Thursday, 17 November, 18:00
Auditorium Santa Margherita, Università Ca’ Foscari Venezia, Campo Santa Margherita, Dorsoduro 3689, Venice
The Office for Contemporary Art (OCA), as commisioner of Norwayʼs representation at the 54th Biennale di Venezia, would like to announce ‘The Experience of Defeat’, a lecture by art historian T.J. Clark as part of ‘The State of Things’. Following previous contributions by Jaques Rancière, Leo Bersani, Vandana Shiva, Jan Egeland, Eyal Weizman, Judith Butler, Franco Berardi and Saskia Sassen, T.J. Clarkʼs lecture will be the closing event of ‘The State of Things,’ a programme that for six months has brought to the Venice Biennale a discussion of the urgent issues affecting the world today.
About the lecture
The Left in advanced capitalist countries has lived for the past two decades looking failure square in the face. The disappearance of a Left alternative from the space of politics, or even from the space of political imagination, remains the great fact of our time. Taking its title from Christopher Hill’s great study of radical writing after the English Civil War, this lecture is concerned with the Left’s sense of progress. It asks what it could mean to a Left politics for it no longer to consider itself ‘on the side of history’: not to imagine its task, in other words, as the realisation of the baulked potentials of capitalism and/or modernity, not to see its eventual victory written into the DNA of an economic order, not to posit some version of utopia—not, in a word, to ‘have the future in its bones’. Is a Left with no future a contradiction in terms? If not the future, then what? Is it only the Right that can (imaginatively, politically) dispense with the myth of freedom waiting to be realized—freedom at last in full possession of a technics? What aims and imagery might there be for an ‘un-modernity’ to come?
About T.J. Clark
T.J. Clark (b.1943, Bristol, UK, lives and works in London, UK) has until last year held the George C. and Helen N. Pardee Chair as Professor of Art History at UC Berkeley in California. His writings on art history throughout the 1970s and 80s single-handedly redefined the history of modernism internationally. His books include The Absolute Bourgeois: Artists and Politics in France, 1848–51 and Image of the People: Gustave Courbet and the 1848 Revolution (both 1973); The Painting of Modern Life: Paris in the Art of Manet and his Followers (1985); Farewell to an Idea: Episodes from a History of Modernism (1999); Afflicted Powers: Capital and Spectacle in a New Age of War (co-written with Iain Boal, Joseph Matthews and Michael Watts under the name Retort, 2005) and The Sight of Death: An Experiment in Art Writing (2006).
About The State of Things
‘The State of Things’ is a series of public lectures that is held throughout the biennale period, reflecting upon themes such as diversity, the environment, peace-making, human rights, capital, migration, asylum, Europe, aesthetics and revolution. Each presentation aims to tackle the ‘state of things’ today, drawing from the speakers’ fields of activity and research, and from what they consider the intellectual and political priorities of today. The programme takes its cue from the Nansen Passport, created by Norwegian diplomat and explorer Fridtjof Nansen at the end of World War I in an attempt to enable refugees move across borders in search of political and intellectual shelter.

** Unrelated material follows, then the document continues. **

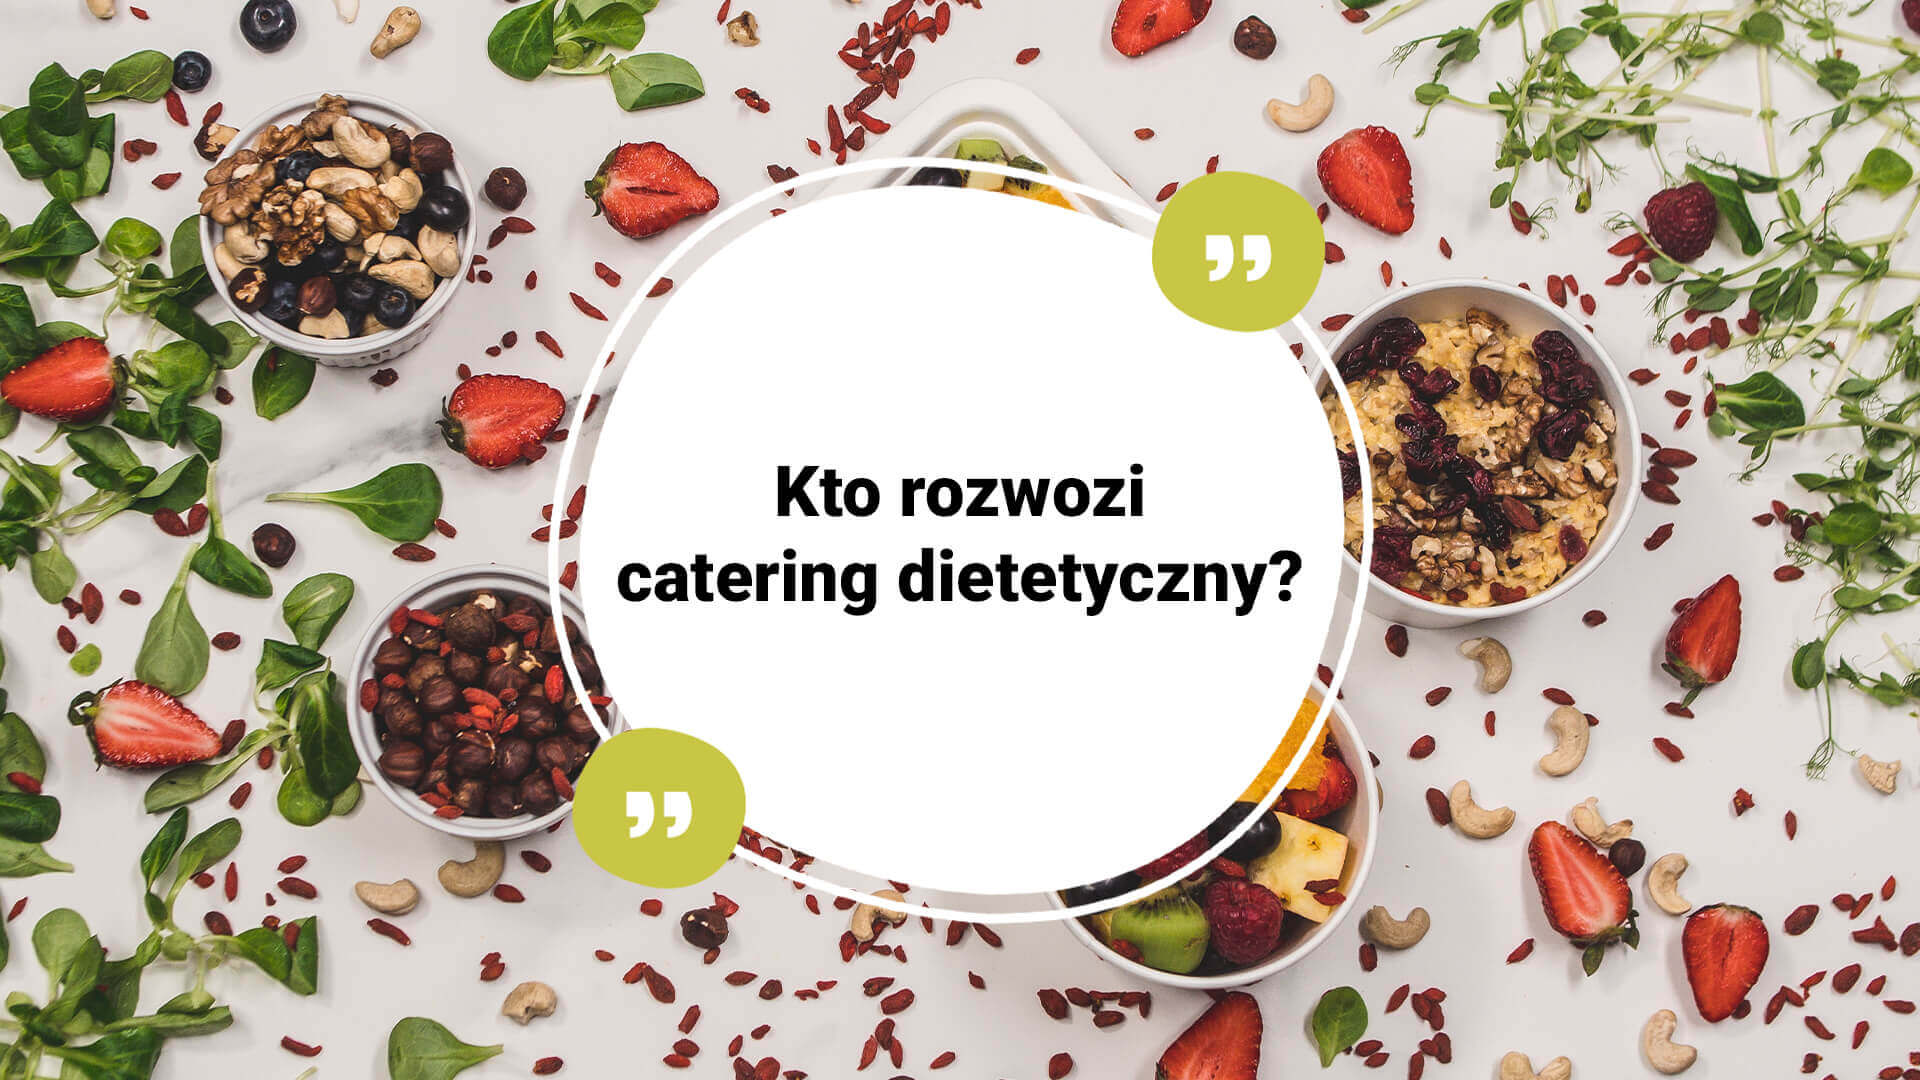 Kto rozwozi catering dietetyczny?

Norway’s representation in Venice in 2011 is commissioned by OCA and organised by its director, Marta Kuzma and its associate curator, Pablo Lafuente, together with Peter Osborne, director of the Centre for Research in Modern European Philosophy at Kingston University, London. Norway’s representation at the 54th International Art Exhibition, La Biennale di Venezia, also includes ‘Beyond Death: Viral Discontents and Contemporary Notions about AIDS’, a graduate programme by Bjarne Melgaard at the Faculty of Design and Arts, Università Iuav di Venezia.
*The lectures are free and open to everyone. They are also available through live streaming and later archived on OCA’s website. A publication compiling all the papers will be published upon the completion of the programme in 2012.
‘The State of Things’ has been generously supported by Fritt Ord.